Добравшись до своего логова на рю Сент-Антуан, я содрал сырую одежду и набросил свой старый халат. Поскольку до ресурсов, которые мне были теперь необходимы, я все равно не мог добраться до рассвета, оставалось только попытаться уснуть. Однако боюсь, на это я был неспособен. Я продолжал беспрерывно обдумывать данные, которыми теперь располагал и то, как их удалось бы использовать. А дело было не из тех, над которыми отдыхаешь, Уотсон. Мой противник в одно мгновенье убил почти три десятка мужчин и женщин, прихлопнул люстрой с такой легкостью, словно мухобойкой накрыл. Сознаюсь вам, мой дорогой друг, что это был единственный момент во всем расследовании, когда мне не хватало ласкового утешения иглы. Я лежал в постели и представлял себе, как морфий тихо растекается по венам, наполняя тело несущим покой оцепенением[61]. Наверно, в раздумьях о наркотике и его воздействии, я обрел некое облегчение, потому что вскоре наступил рассвет.

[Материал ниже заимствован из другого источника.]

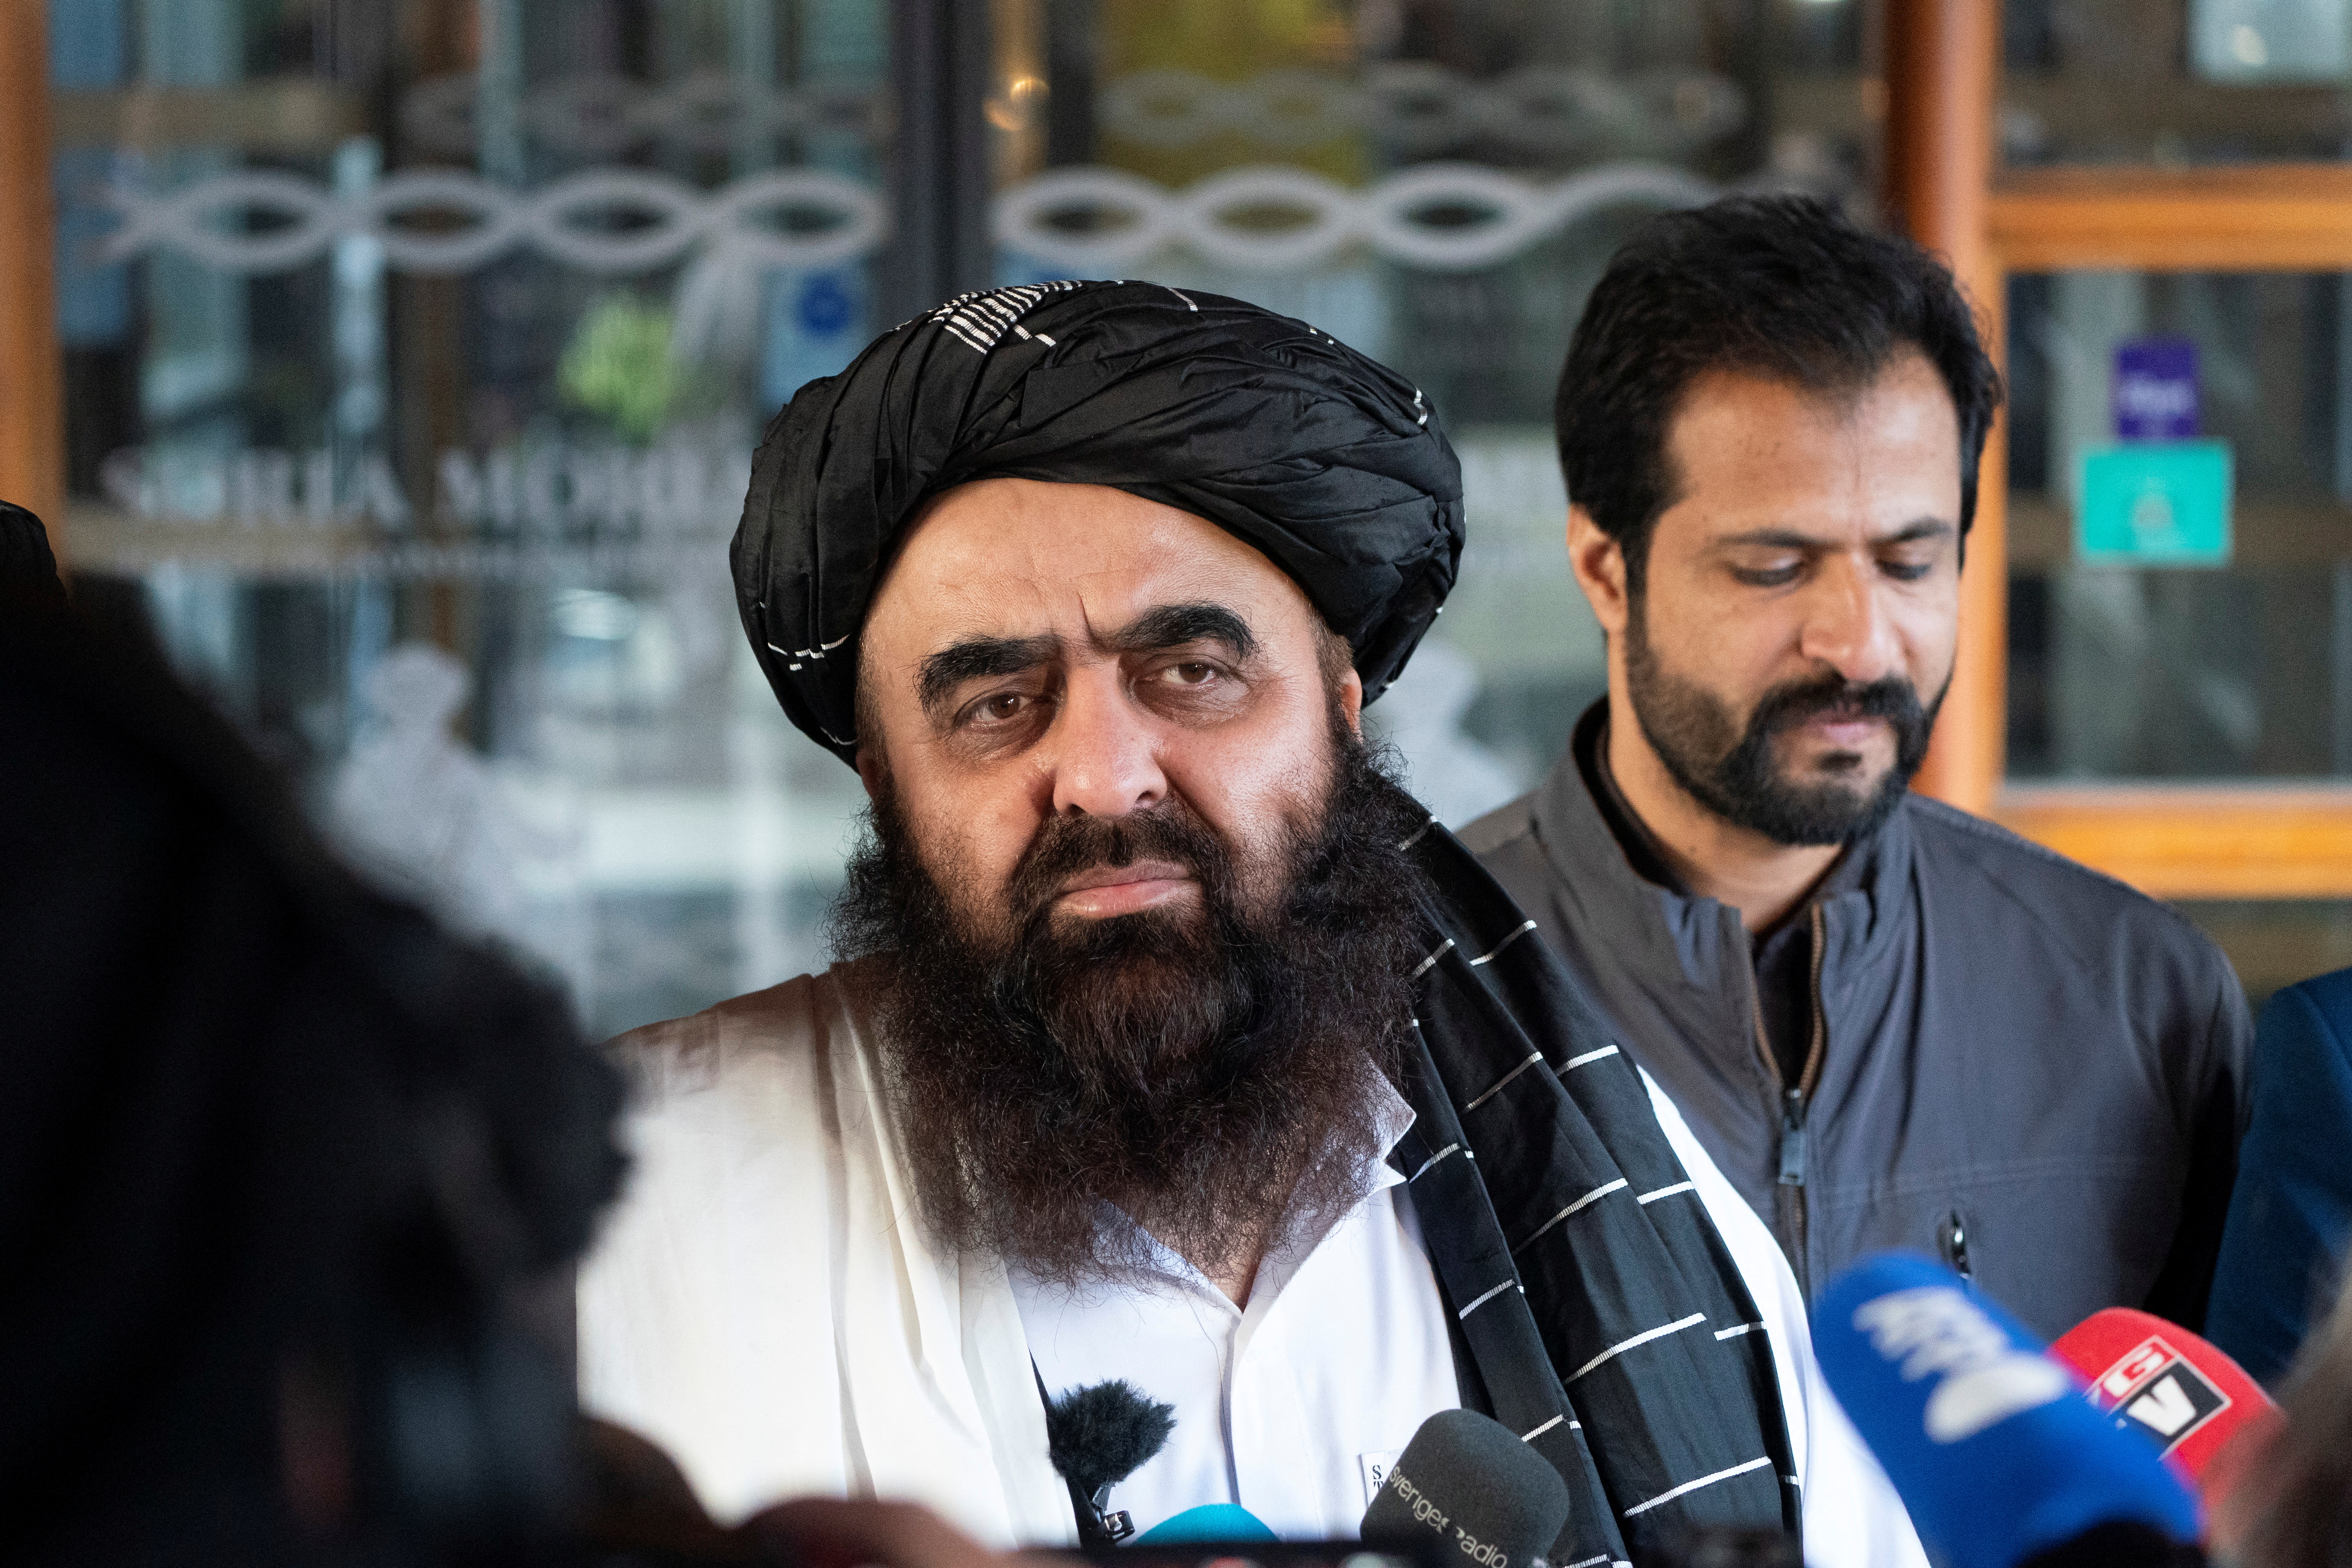 El Ministro de Asuntos Exteriores en funciones de los talibanes, Amir Khan Muttaqi, hace declaraciones a la prensa en el exterior del hotel Soria Moria en Oslo, Noruega, el 24 de enero de 2022. NTB/Terje Pedersen vía REUTERS

И снова время было против меня. Я потерпел поражение при первой попытке проникнуть в сердце этой тайны и был полон решимости любой ценой преуспеть во второй. Однако у меня было совсем немного времени на то, чтобы определиться со своими планами и привести их в исполнение. Мне пригодилась бы ваша помощь, доктор, и я с сожалением размышлял об обстоятельствах, которые лишили меня возможности обратиться к вам.

Миновало три часа пополудни, когда я явился на улицу Гаспар. Стуча в дверь мадам Валериус, я отметил огорчительный факт, который ушел от моего внимания при прежнем визите. Торопясь побеседовать с мадемуазель Дааэ, я не обратил внимания, что квартира, которую она делила с пожилой дамой слабого здоровья, располагалась на первом этаже. Это имело большое значение для мадам Валериус, которая, при иных обстоятельствах, не могла бы покидать свое жилище без посторонней помощи, но в то же время, при желании, было нетрудно подслушать разговоры двух женщин. Теперь, когда Понелль снабдил меня пугающими сведениями о системе канализации, охватившей весь Париж, мне нетрудно было представить, как Призрак, Ангел, Никто, учитель канарейки или Орфей (список его прозвищ был уже не короче вытянутой руки), скорчился под окном спальни Кристин, вероятно, вооружившись каким-нибудь простым орудием, вроде врачебного стетоскопа, прижатого к стене, и внимает каждому слову, произнесенному бедной девушкой. Неудивительно, что ему были известны самые сокровенные ее мысли! Полагаю, мне не нужно напоминать опытному медику, Уотсон, что, когда человек лишен какого-либо из органов чувств, действие других усиливается, восполняя потерю. Нетрудно вообразить, что слух монстра, почти постоянно находящегося во тьме, особенно обострился.